Make the shuttle a habit: after results, update either the premises (axioms) or the operations (postulates) as needed.
The mantra remains: separate to diagnose, mix to operate.
6) Appendix: Book I, ultra-brief crib
Common Notions (Axioms)
1 Things equal to the same thing are equal to one another.
2 If equals are added to equals, the wholes are equal.
3 If equals are subtracted from equals, the remainders are equal.
4 Things which coincide are equal (congruence).
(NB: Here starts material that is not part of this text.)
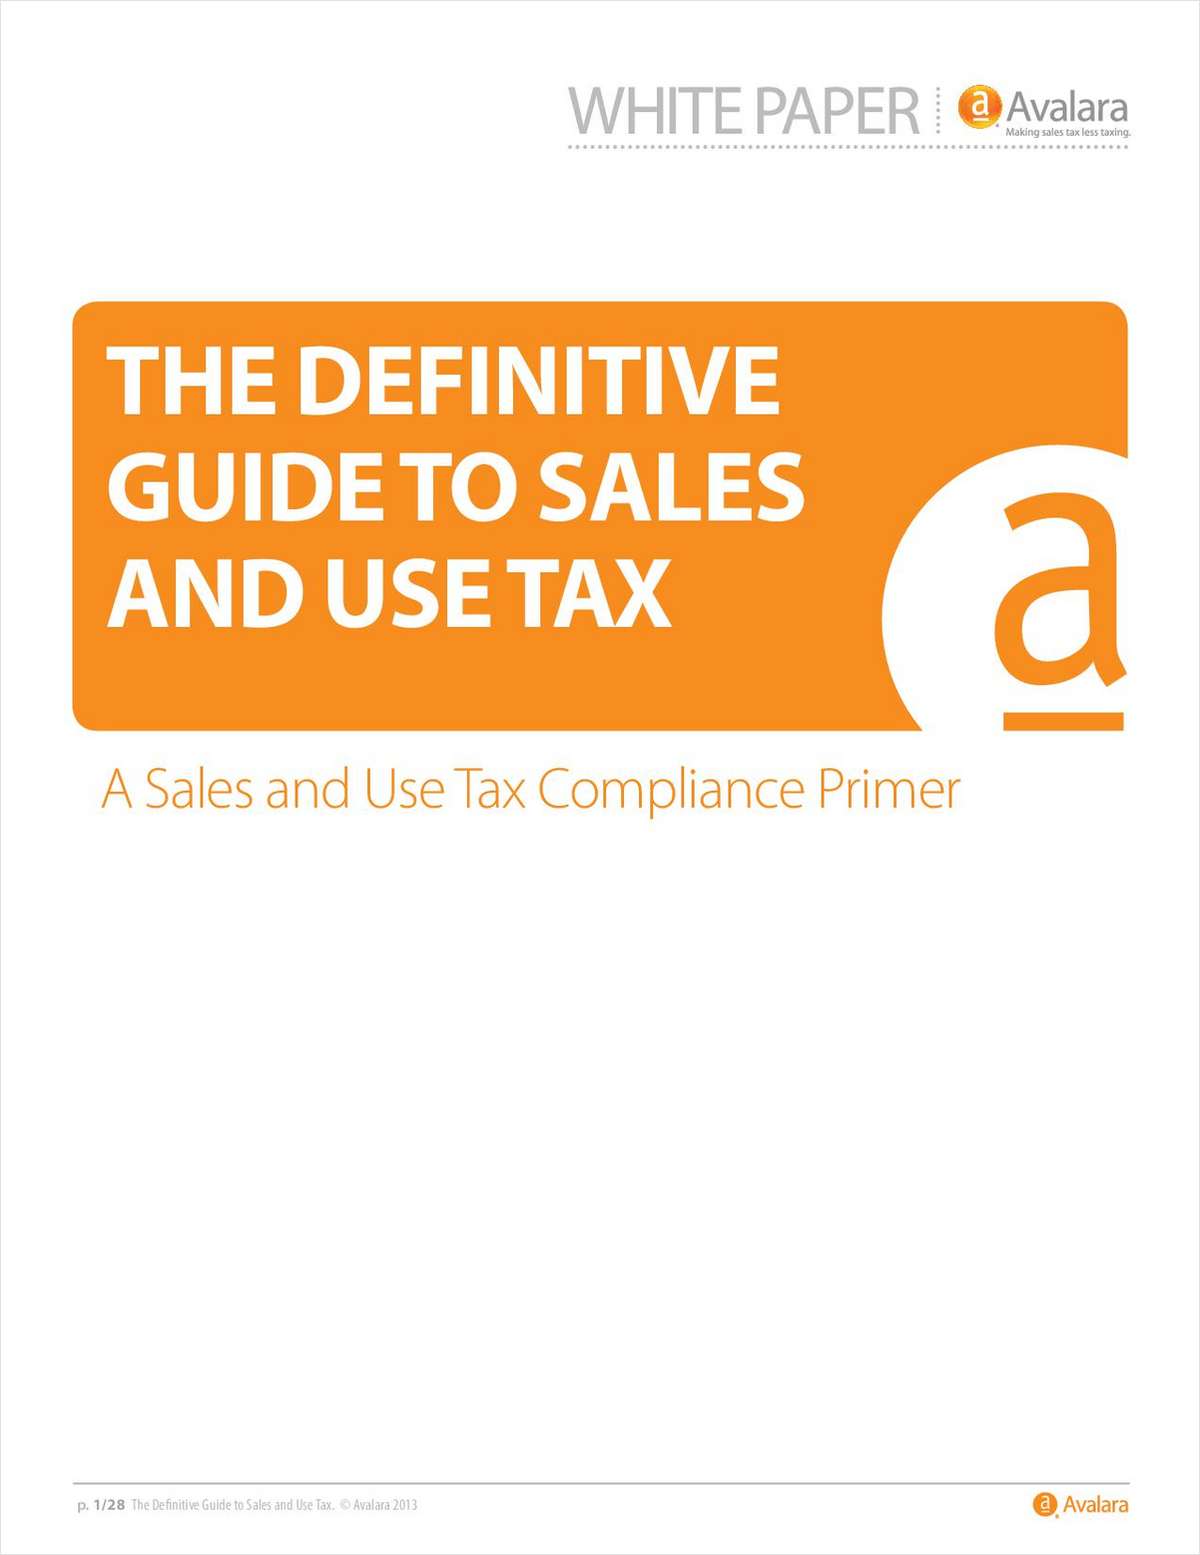 The Definitive Guide to Sales & Use Tax

5 The whole is greater than the part.
Postulates (Permissions to Construct)
1 To draw a straight line from any point to any point.
2 To produce a finite straight line continuously in a straight line.
3 To describe a circle with any center and radius.
4 All right angles are equal to one another (note: Euclid does not use degree measure “90°”).
5 Parallel Postulate (often given in Playfair’s form: through a point not on a line there is exactly one parallel to the line).
(For the Definitions 1–23, see the earlier list; quote inline only what you need in the main text.)
7) Takeaway
Euclid’s geometry is a three-layer engine: being × making × invariants.
Modern programs sharpen the two faces (existence / construction) in different ways.
In real work, map (non-constructive) and recipe (constructive) should be cycled.
Philosophically, don’t be a puppet of one stance; be the puppeteer who selects and composes stances as tools.
Ancient text, modern craft: build the reflex to go back and forth between “being” and “making.” It makes thinking nimbler—and moves clinic, research, and design forward.